Dropouts Bring New Problems to N.C. Community Colleges
Special to Education Week
A statewide solution to the problem of high school dropouts in North Carolina has left some community colleges there feeling dumped on.
High school students at risk of dropping out are transferring to community colleges in record numbers, leading some college officials to feel they are running de facto alternative high schools.
"Prior to 1990, our typical student would be a veteran or a housewife, or someone that was laid off and wanted training to get better employed," said Suellyn Dalton, the director of basic-skills programs at Alamance Community College in Burlington. "Now we have these people who are much younger and whose needs and behaviors are very different."
Unlike most states, adult-education programs in North Carolina are run through through community colleges rather than high schools. Although the charters of community colleges there have always allowed high school dropouts age 16 and up to enroll, few students took that option until two recent policy shifts in the state.
In 1987, North Carolina lawmakers passed a dropout-referral law that requires public schools to counsel dropouts on options for finishing their educations, including transferring to a community college. State regulations were then changed so that high schools would not be required to count these transfers as dropouts.

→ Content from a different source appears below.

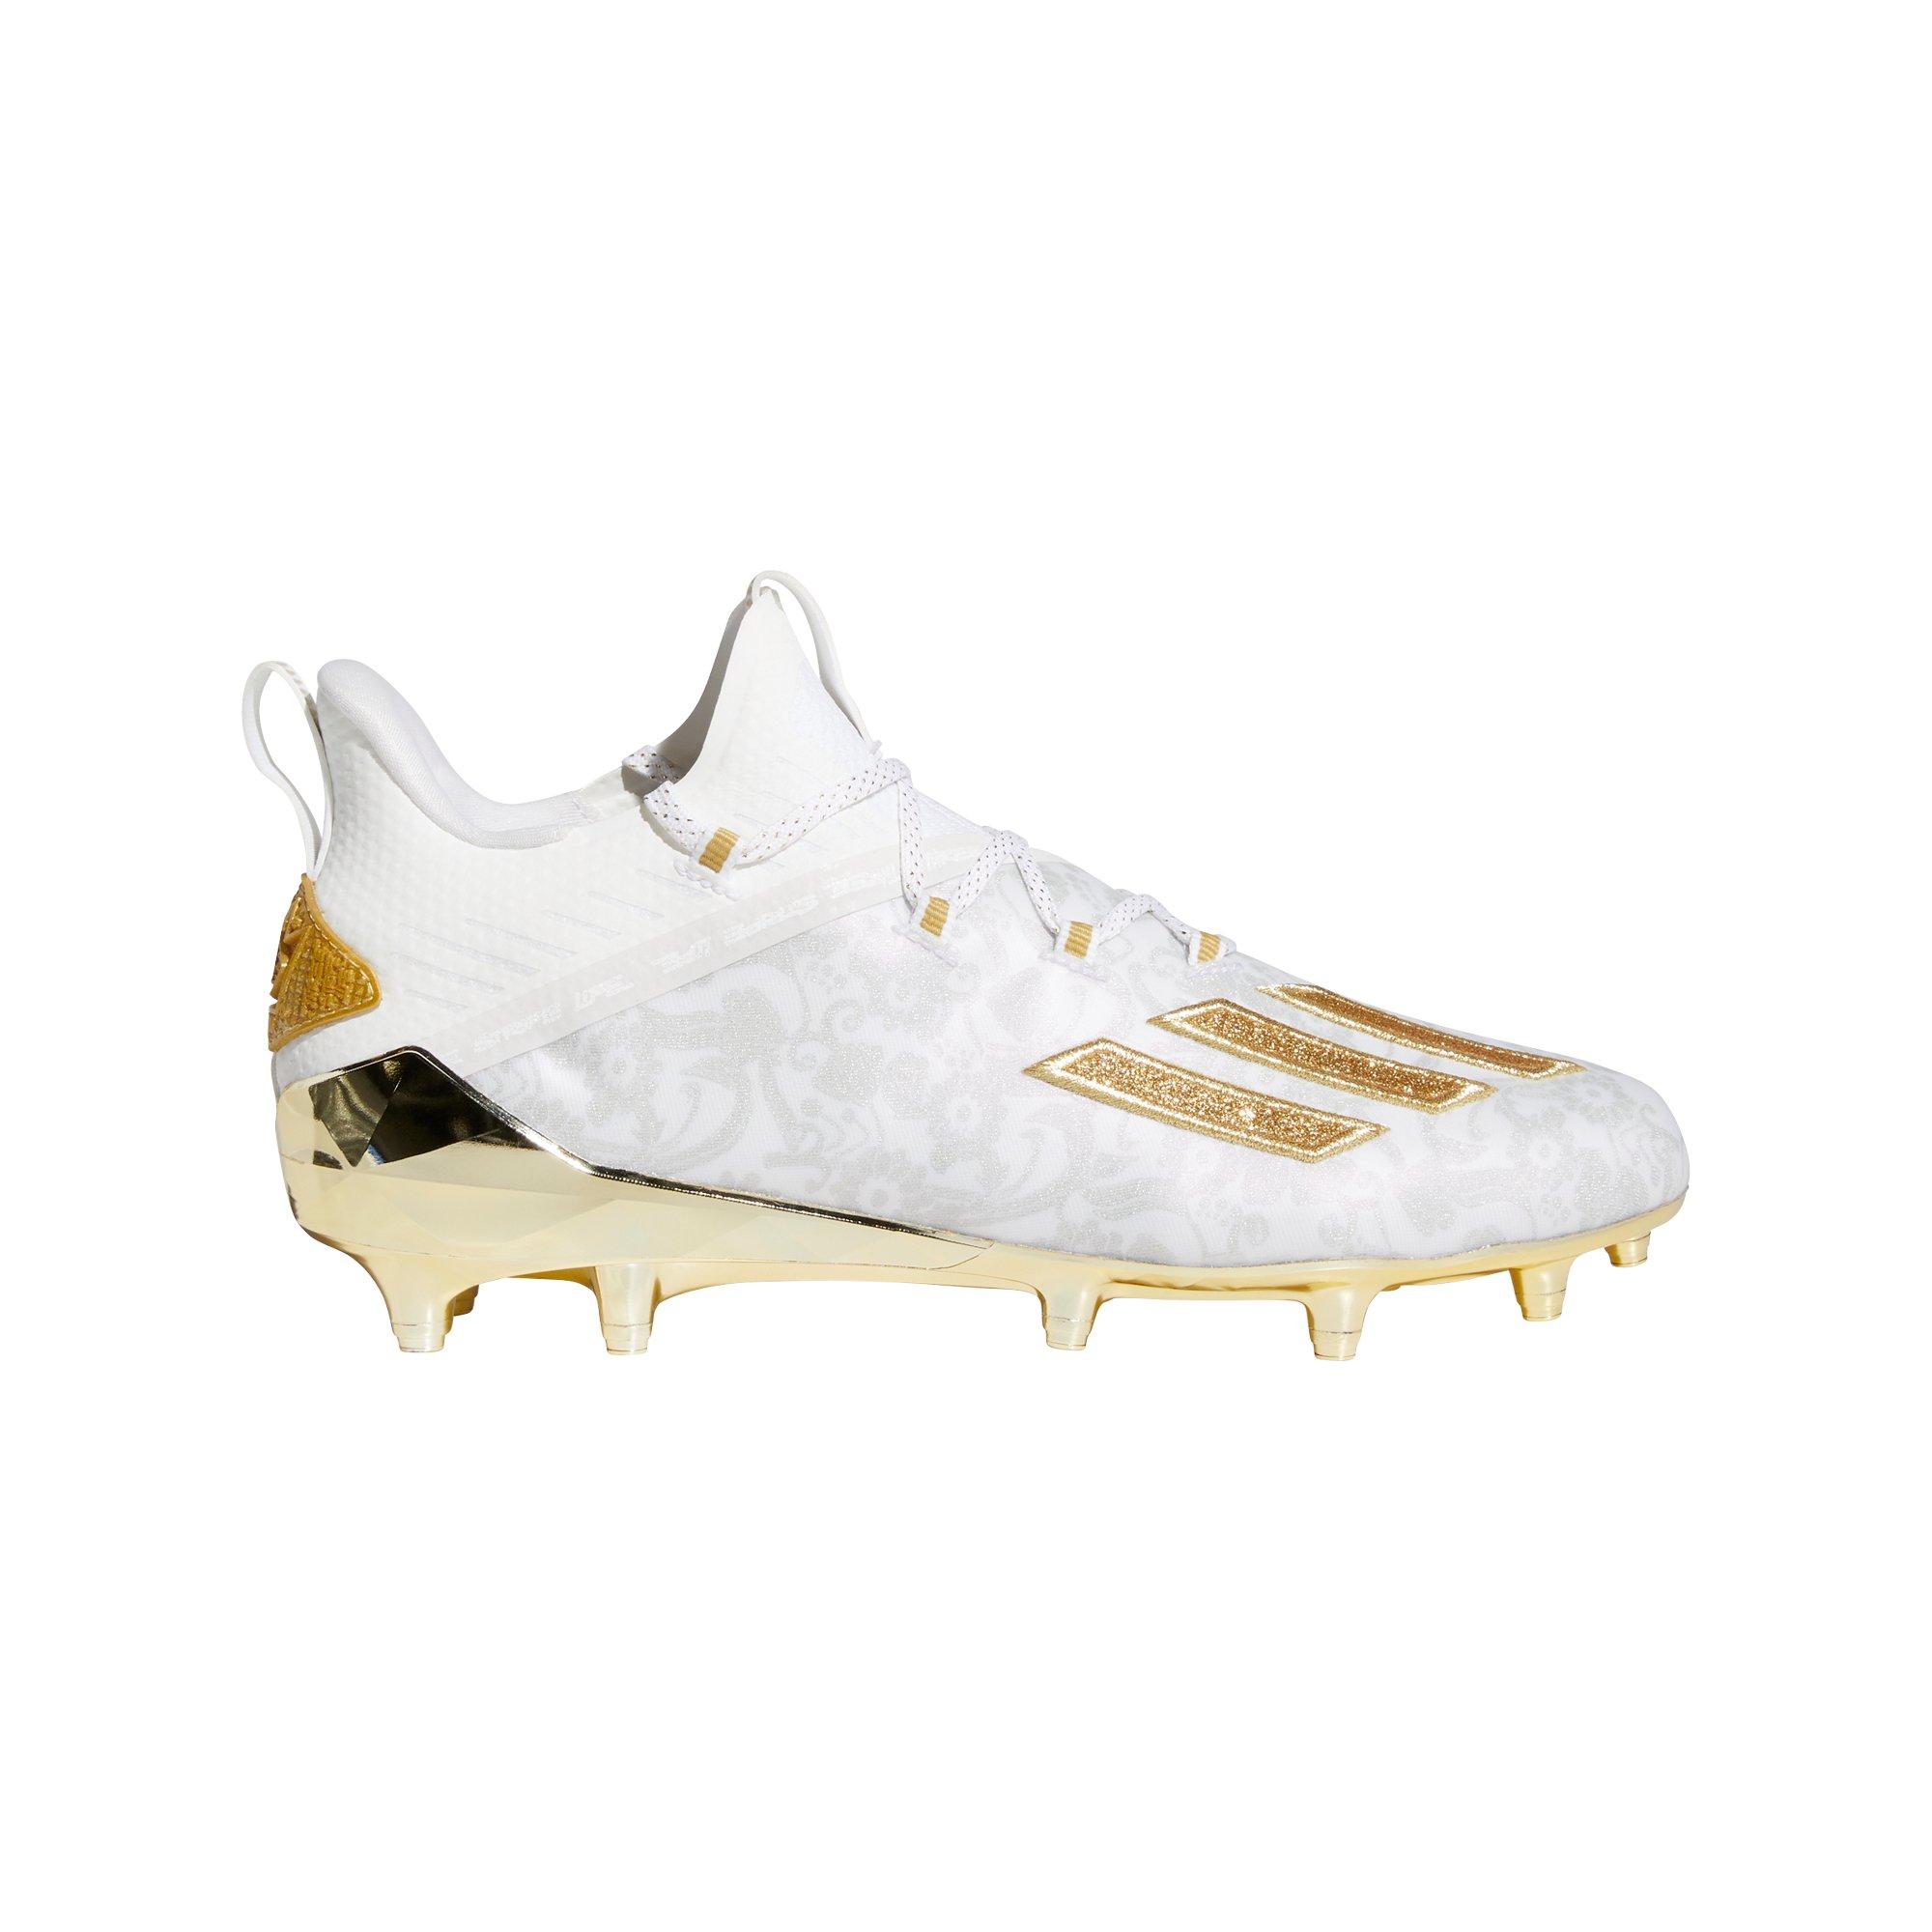 adidas Adizero King "White/Gold" Men's Football
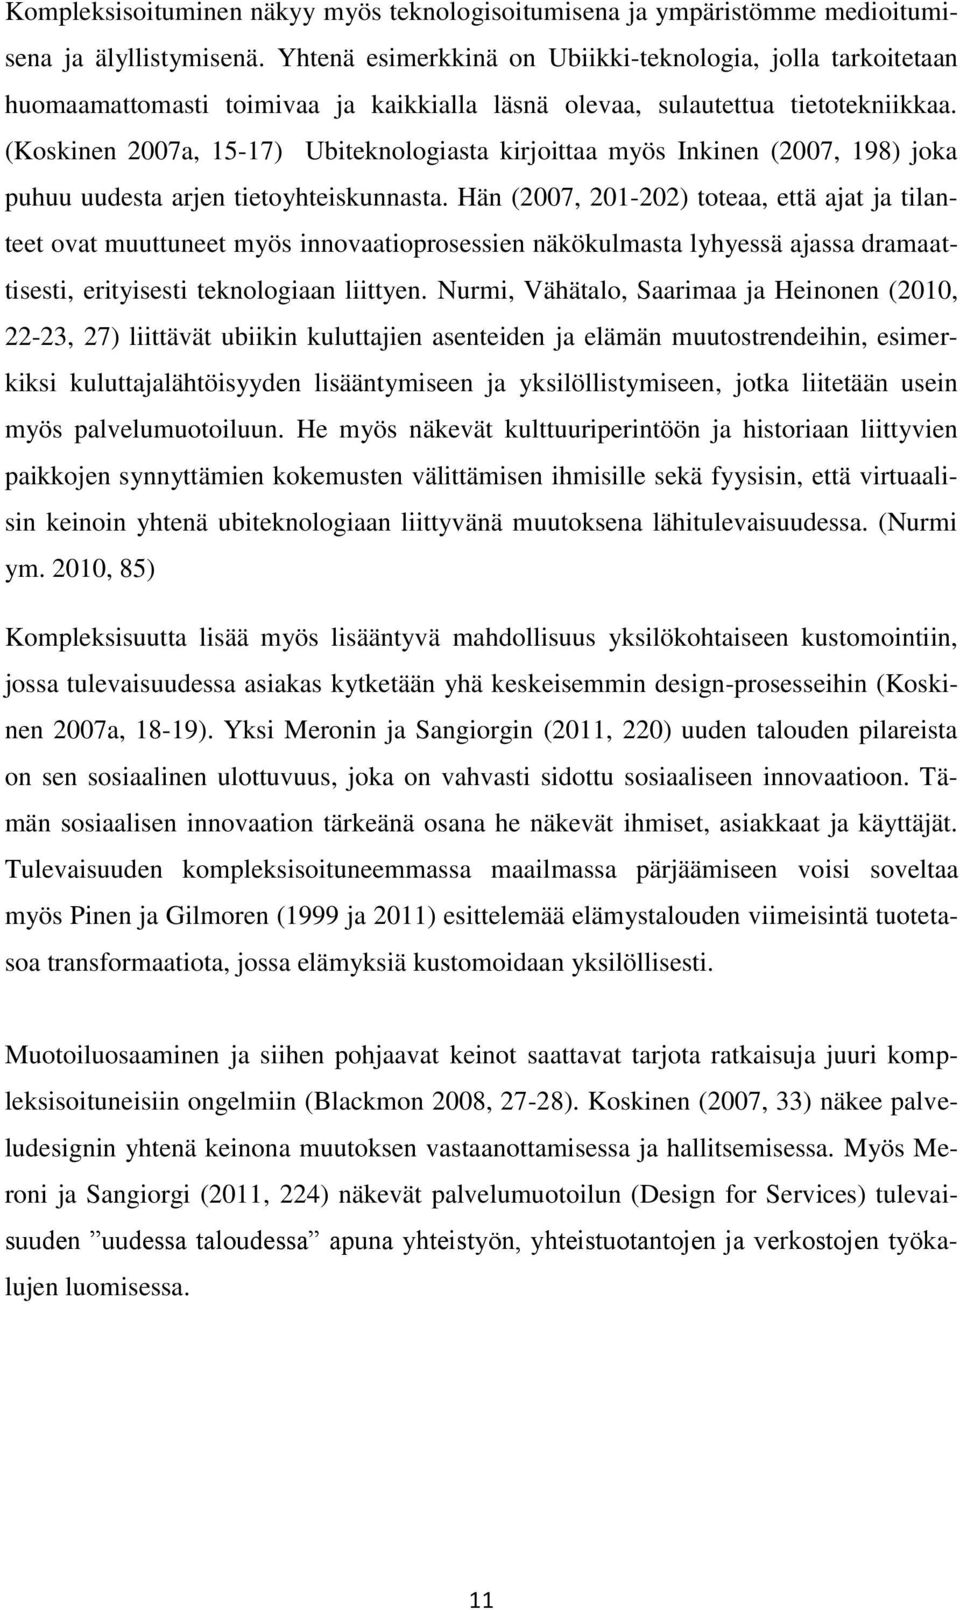 (Koskinen 2007a, 15-17) Ubiteknologiasta kirjoittaa myös Inkinen (2007, 198) joka puhuu uudesta arjen tietoyhteiskunnasta.

"It makes the K-through-12 schools look better because it looks like the [students have] transferred," said Linda Douglas, the public-affairs director for the North Carolina Community College System.
John Wilson, the executive director of the North Carolina Association of Educators, the state's largest teachers' union, agreed.
"I really think that's unfair to community colleges," he said. "When it comes to students that are 18 or younger, that's the responsibility of the public schools."
These younger students are enrolling in the system's basic-skills programs, which allow students to earn a high school diploma, rather than the continuing-education programs that lead to degrees.
Since 1989, the number of students ages 16 to 24 in basic-skills programs has jumped from 42,193 to 55,649, according to state data.
North Carolina community colleges enroll about 758,000 students. About 121,000 of those are in basic-skills programs.
Guns and Beepers
The policy provides potential dropouts with an important option for continuing their educations, supporters say.
"What it did was force school systems to not just wash their hands of the dropouts," said Olivia Oxendine, who oversees dropout prevention for the state education department.
But the growing number of younger transfer students has brought dramatic changes to the makeup of the student population at individual community colleges, particularly those in urban areas.
At Alamance, Ms. Dalton's staff soon faced a host of new problems as younger students bragged about the weapons they brought to school or left classes to respond to messages on their electronic pagers.
"They are actually alienating our current student population," Ms. Dalton said.
At Wake Technical Community College in Raleigh, the average age of basic-skills students has plummeted from about 30 to 18, said Paula Montague, the evening director of the college's adult high school.
"Society has changed, and a lot of the young kids that are coming through now have some serious problems that community colleges just are not designed to answer," she said.
In response, some colleges have tightened their admissions policies for teenagers. Durham Technical Community College has refused to enroll minors.
"The community colleges were established to serve adults, and the [state education] code really spells out that only adults can be enrolled without special permission," said Ruth Lewis, an assistant dean at Durham Tech.
High school students suspended for disciplinary problems now must wait six months before transferring to Wake Tech. The Wake County public school system eased some of the burden by allowing more flexibility in its attendance policy, which used to fail any student with more than 10 absences a semester.
"We had students who were in high school in the morning and then would be with us that afternoon," Ms. Montague said.
Not all community colleges in the state have felt such pressure. In the state's rural middle region, only 220 of about 4,000 basic-skills students at Central Carolina Community Community are minors, said Don Buie, the school's dean of continuing and public-service education.
"We don't try to recruit, and we try to tell the student that the best place for a minor student is at the regular school," said Mr. Buie, whose school has adjusted to the slight increase in the number of teenagers by barring them from the campus game room and basketball court.
But other colleges face more substantial retooling, Ms. Oxendine said.
Change for Change's Sake
"I can appreciate the dilemma they may feel they're in, because their mission is not to serve as a kind of junior secondary school and they're not geared up for it," she said. "If I were president of a community college in North Carolina, what I would do is spend some resources and time working on developing an alternative high school model."
Ms. Montague and others say the transfer policy merely shifts the burden of dealing with dropouts to the community colleges without attacking the problems that cause students to drop out.
"If a kid dropped out of high school and nothing has changed with his life, he's going to drop out with us," Ms. Montague said. "So the high schools do not have to count that kid as a dropout, but we do, and our numbers go down."